In the two years that Democrats controlled both Congressional houses, President Biden managed to get three economic bills passed. We’re beginning to benefit from programs that will fund projects and boost America’s economy for years to come. The Freedom Caucus’s demands that this funding be cut is keeping current budgets from passing, but many other Republicans figure that voters are smart enough to see a Republican roadblock.

So far, 252 Idaho projects have been approved under the Bipartisan Infrastructure Act, which Idaho’s senators did support. Projects range from electric school buses to reductions in wildfire risk to rural internet expansion.

Benefits available under the Chips and Science Act, aimed at bringing semiconductor manufacturing back to the U.S., inspired Micron to plan a $15 billion expansion in Idaho. In addition, BSU recently reported receiving millions of dollars for projects ranging from semiconductors to food security to basic scientific research in related areas.

And benefits from the Inflation Reduction Act are beginning. The government plans to invest $266 million to assist Idaho rural business owners, farmers and ranchers in fighting the climate crisis.

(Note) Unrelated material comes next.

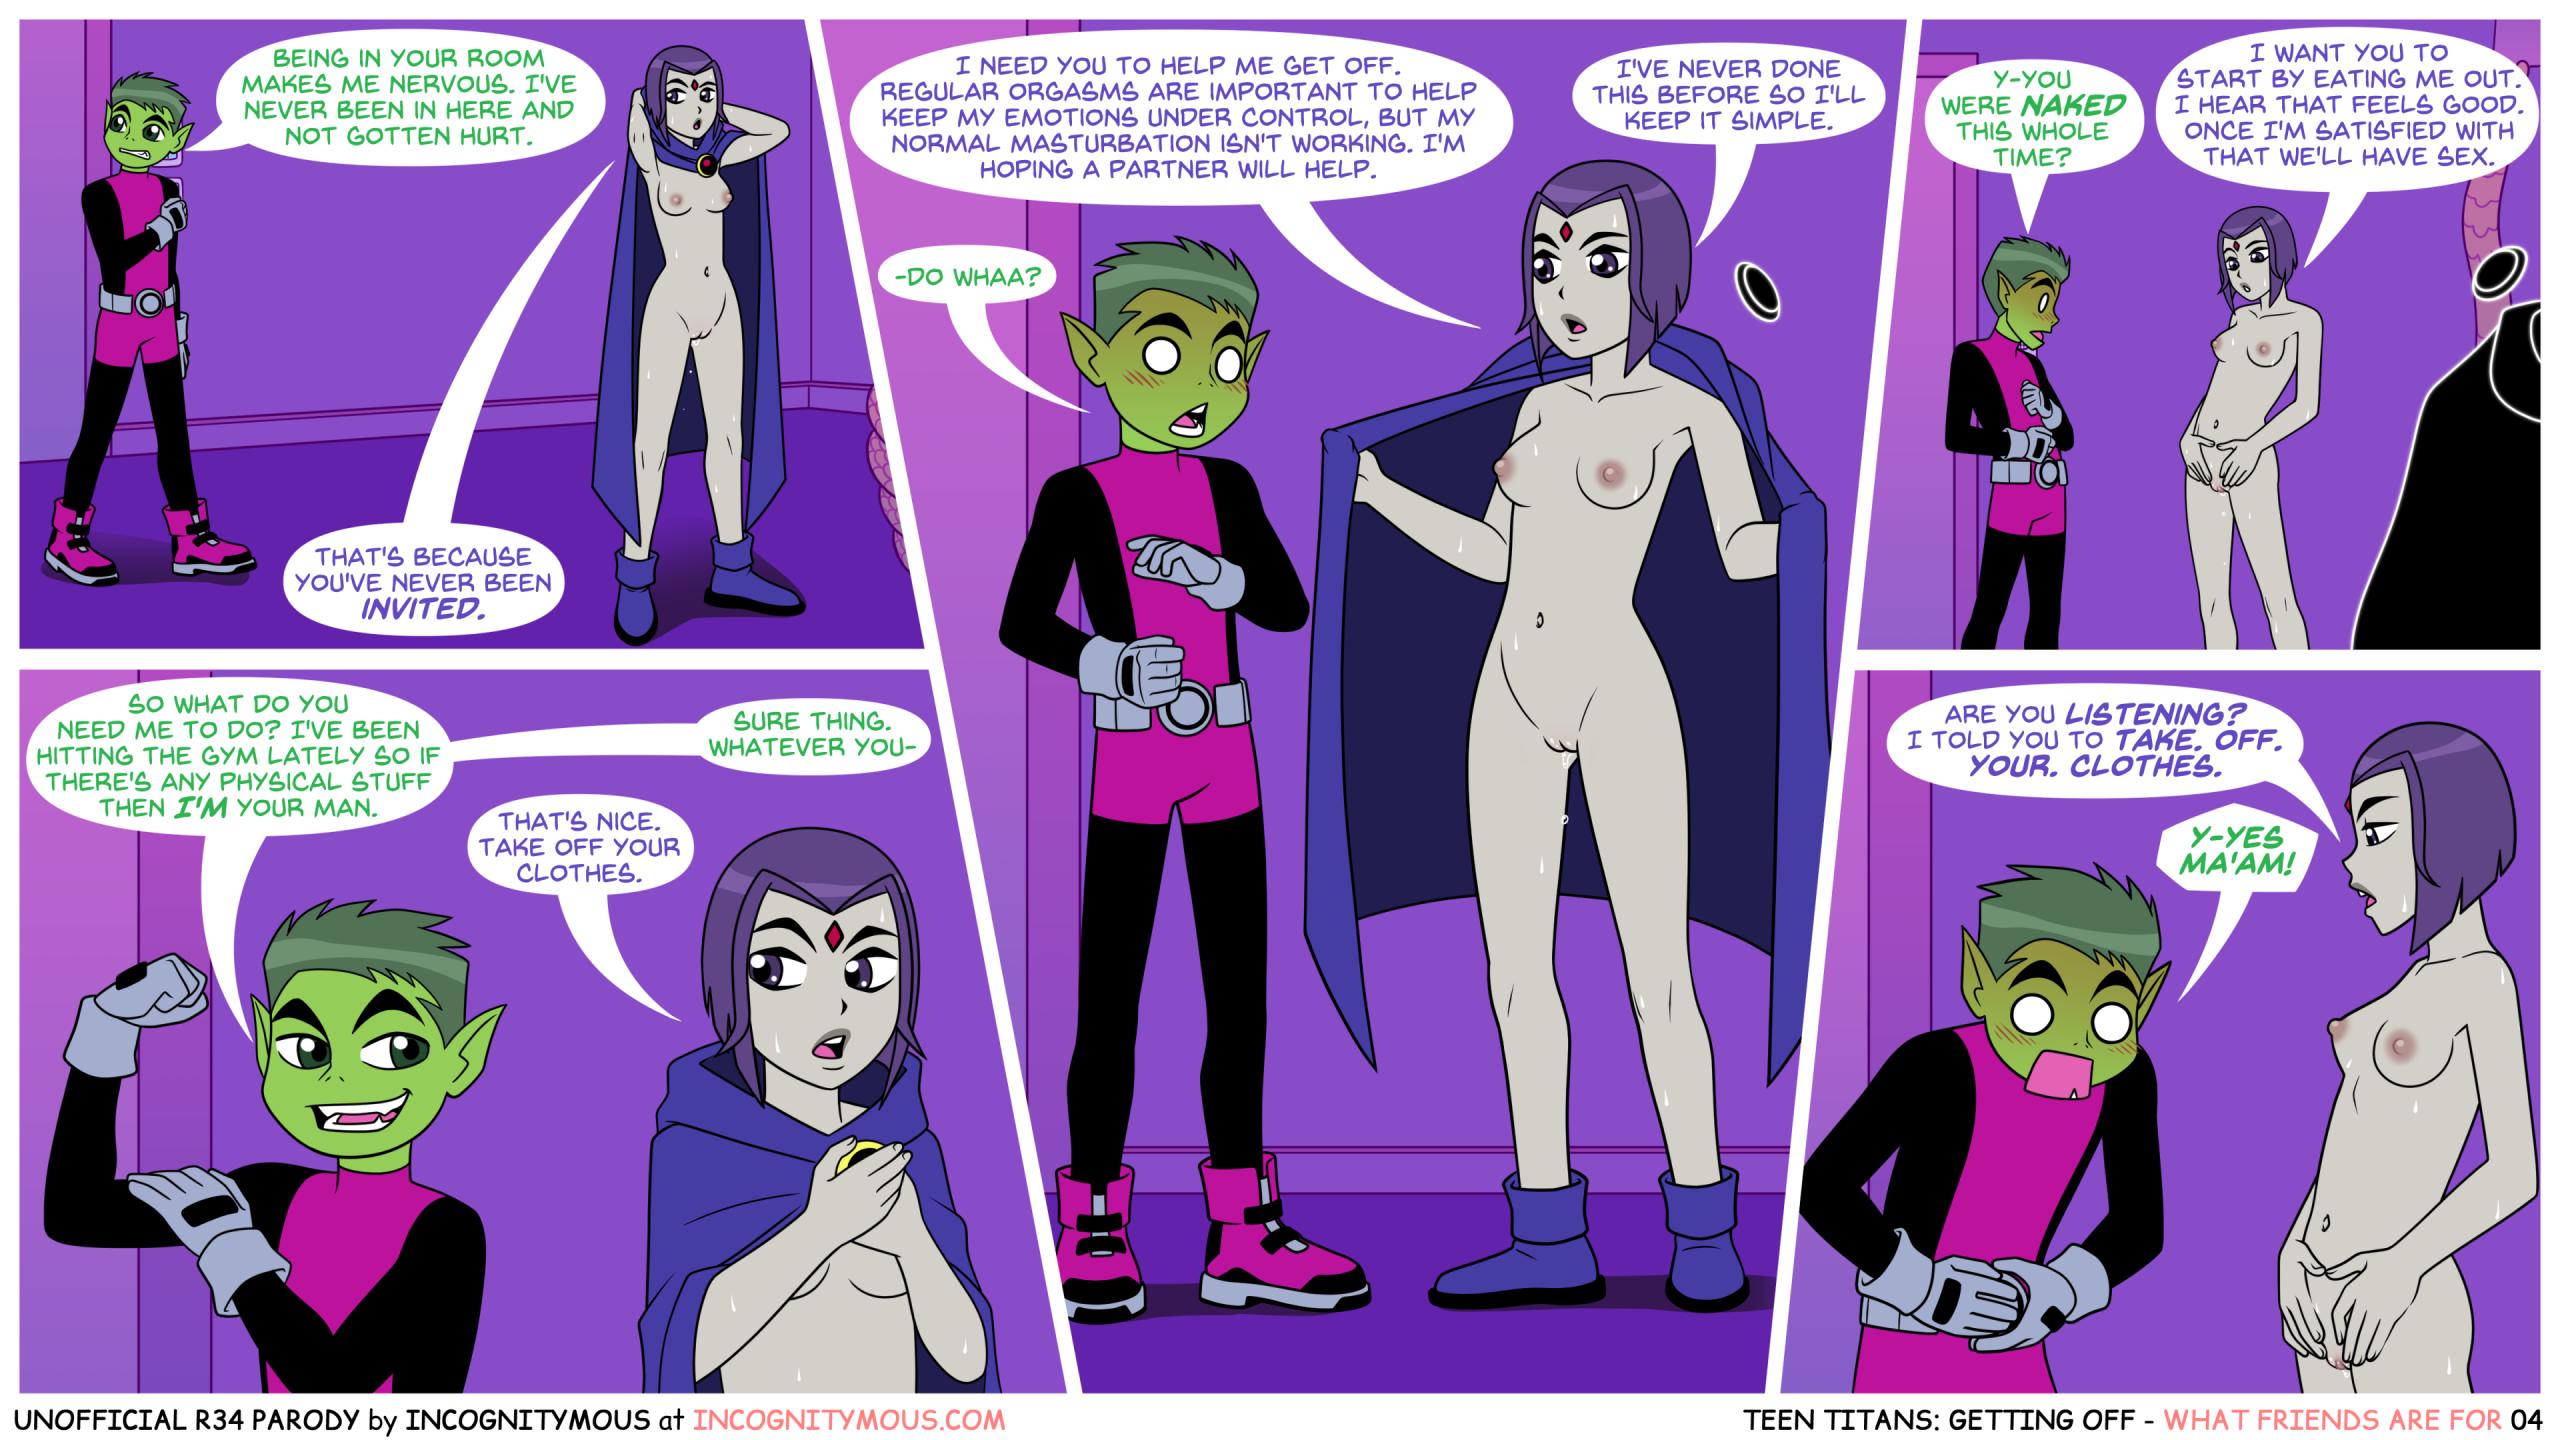 Teen Titans: Getting Off porn comics Oral sex, Best, Sex Toys

Plus Idaho Power is getting assistance in installing massive batteries which will store power for peak demand hours, allowing an increase in service without constructing new facilities.

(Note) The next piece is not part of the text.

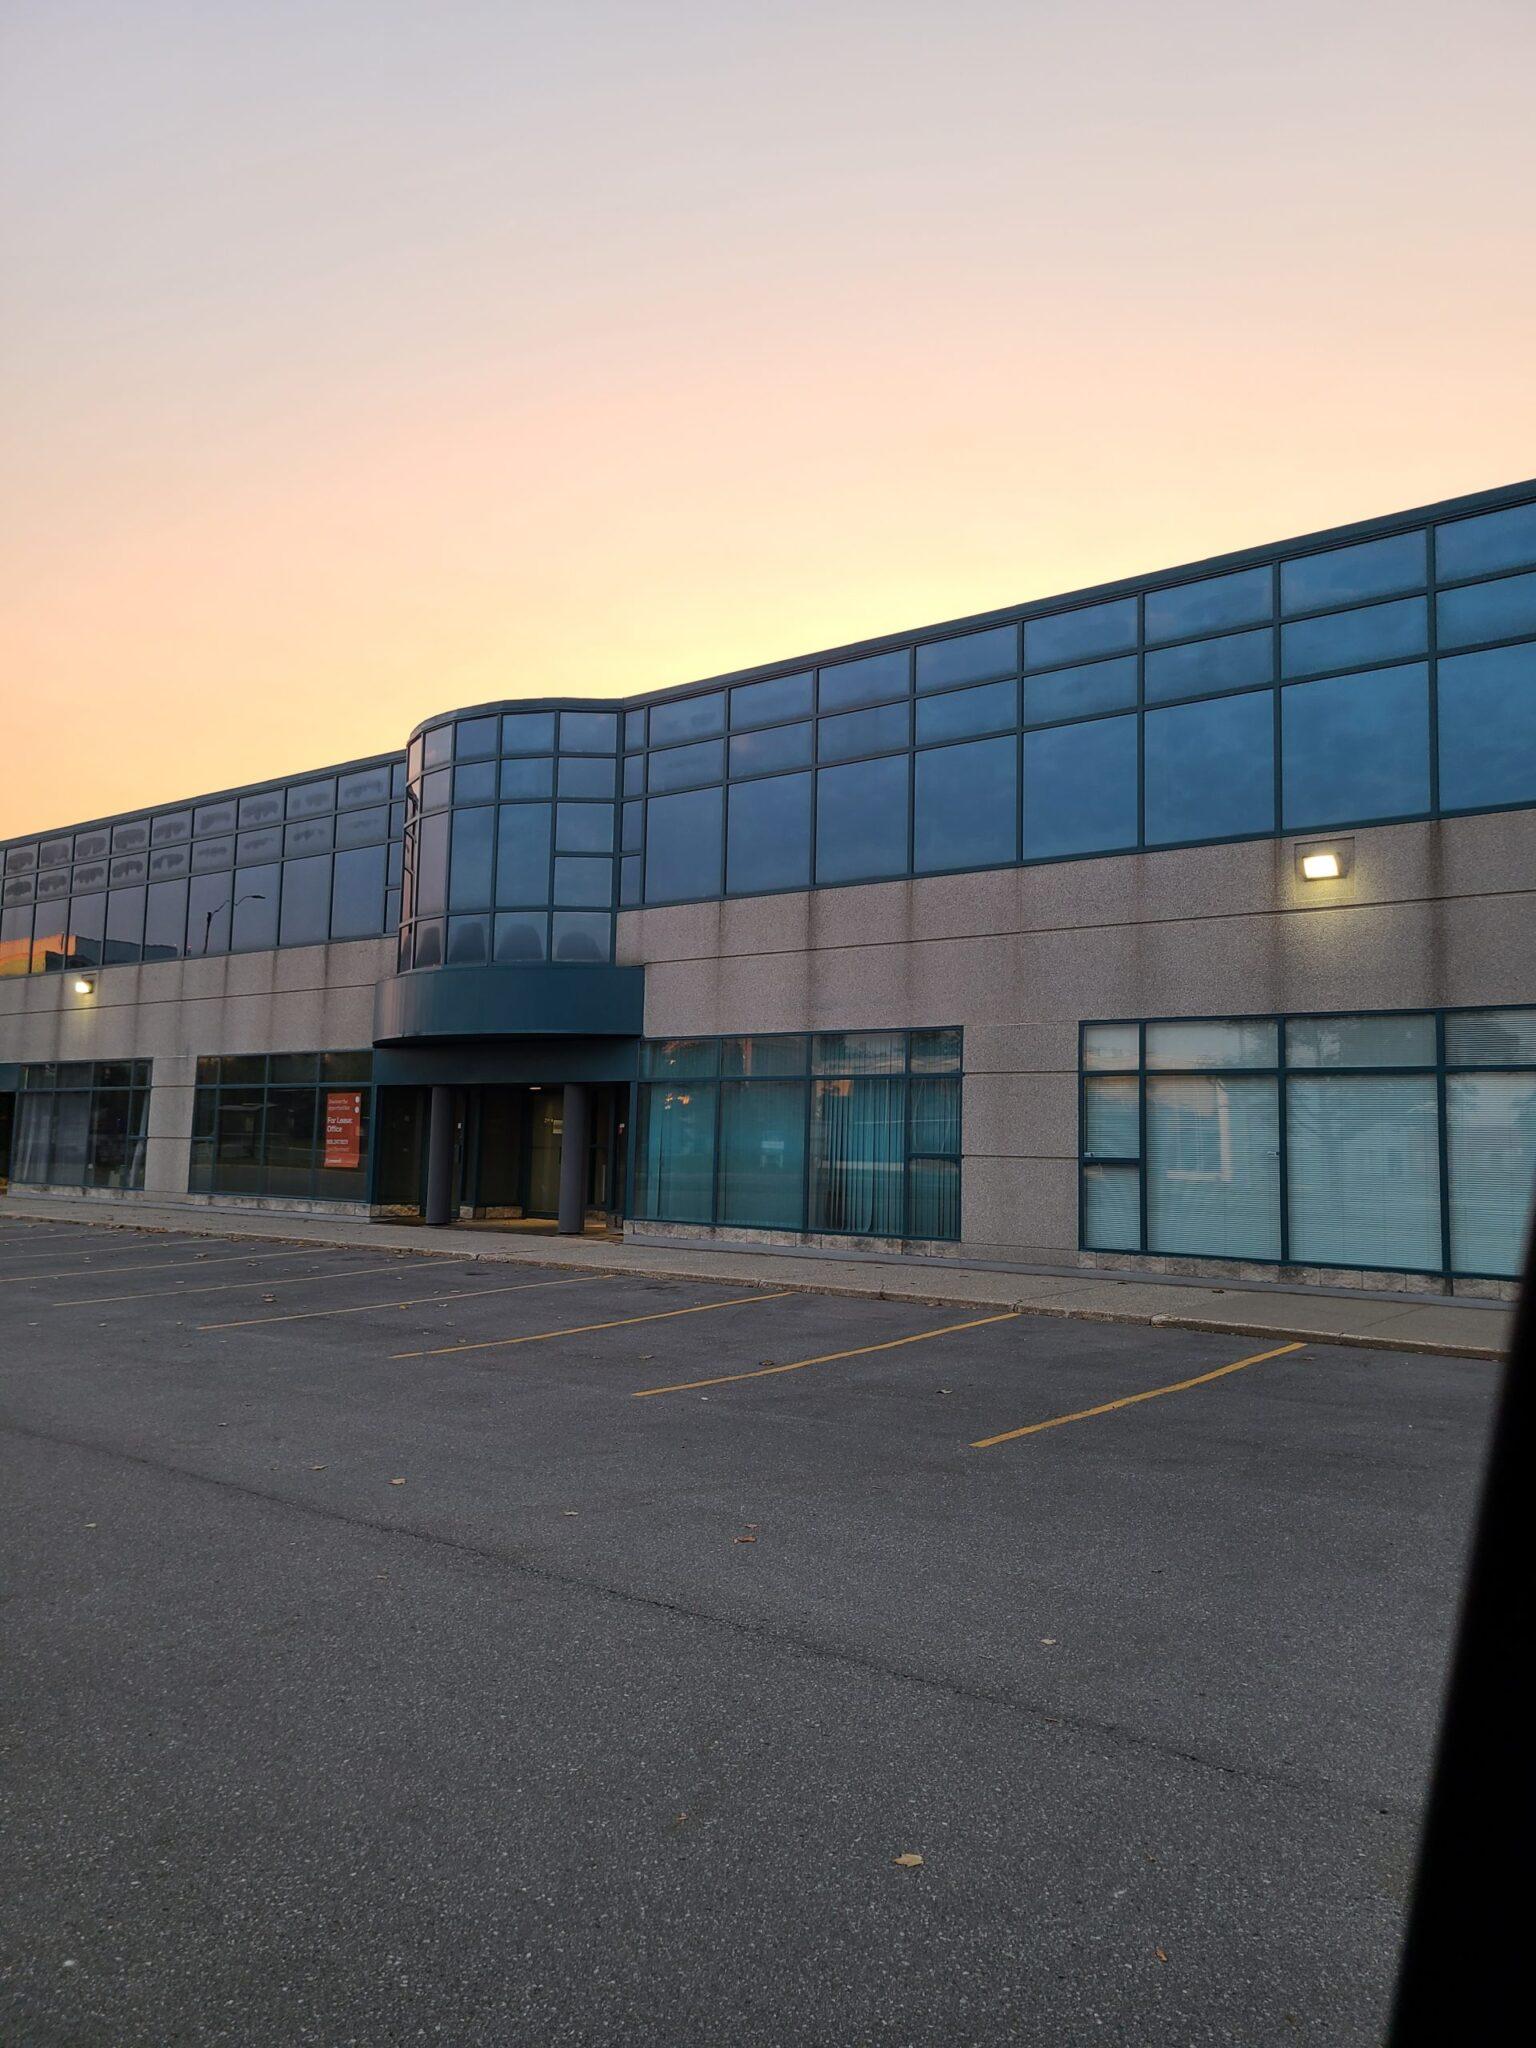 matheson dr commercial exterior images

Even those who don’t benefit directly from these acts will benefit from the boost in services and in local economies they’re making possible.

So why isn’t President Biden more popular?

Last month Robert Reich, political blogger and former Secretary Labor, suggested three possible answers.

“One theory is that Trump and Fox News have poisoned their minds.” I think we’ve all met people who believe Obama was a Muslim and Biden wasn’t legally elected. Yet, Reich finds people are more apt to be uninformed than misinformed.

Why are people uninformed? Theory two is that “Biden is terrible at messaging.” Yet, Reich doesn’t see Biden’s speeches as being at fault. “His speeches aren’t electrifying, to be sure. But he says what needs to be said.”

Reich supports a third theory, “Biden doesn’t communicate in ways that today’s media and much of the public are able to hear.” Media no longer regards news as a public service in return for the right to use airways. Today, news reporting needs “to pack a wallop” that will attract viewers/listeners/readers who will draw advertisers.

The “anger, ridicule, and vindictiveness” of Trump’s messages draws an audience more emotionally involved than Biden’s rational statements do. Trump’s emotional rants are interpreted as strength even while Biden’s mature, responsible push toward consensus and compromise gets the results we need.

Other pundits see other reasons. I will feature some soon.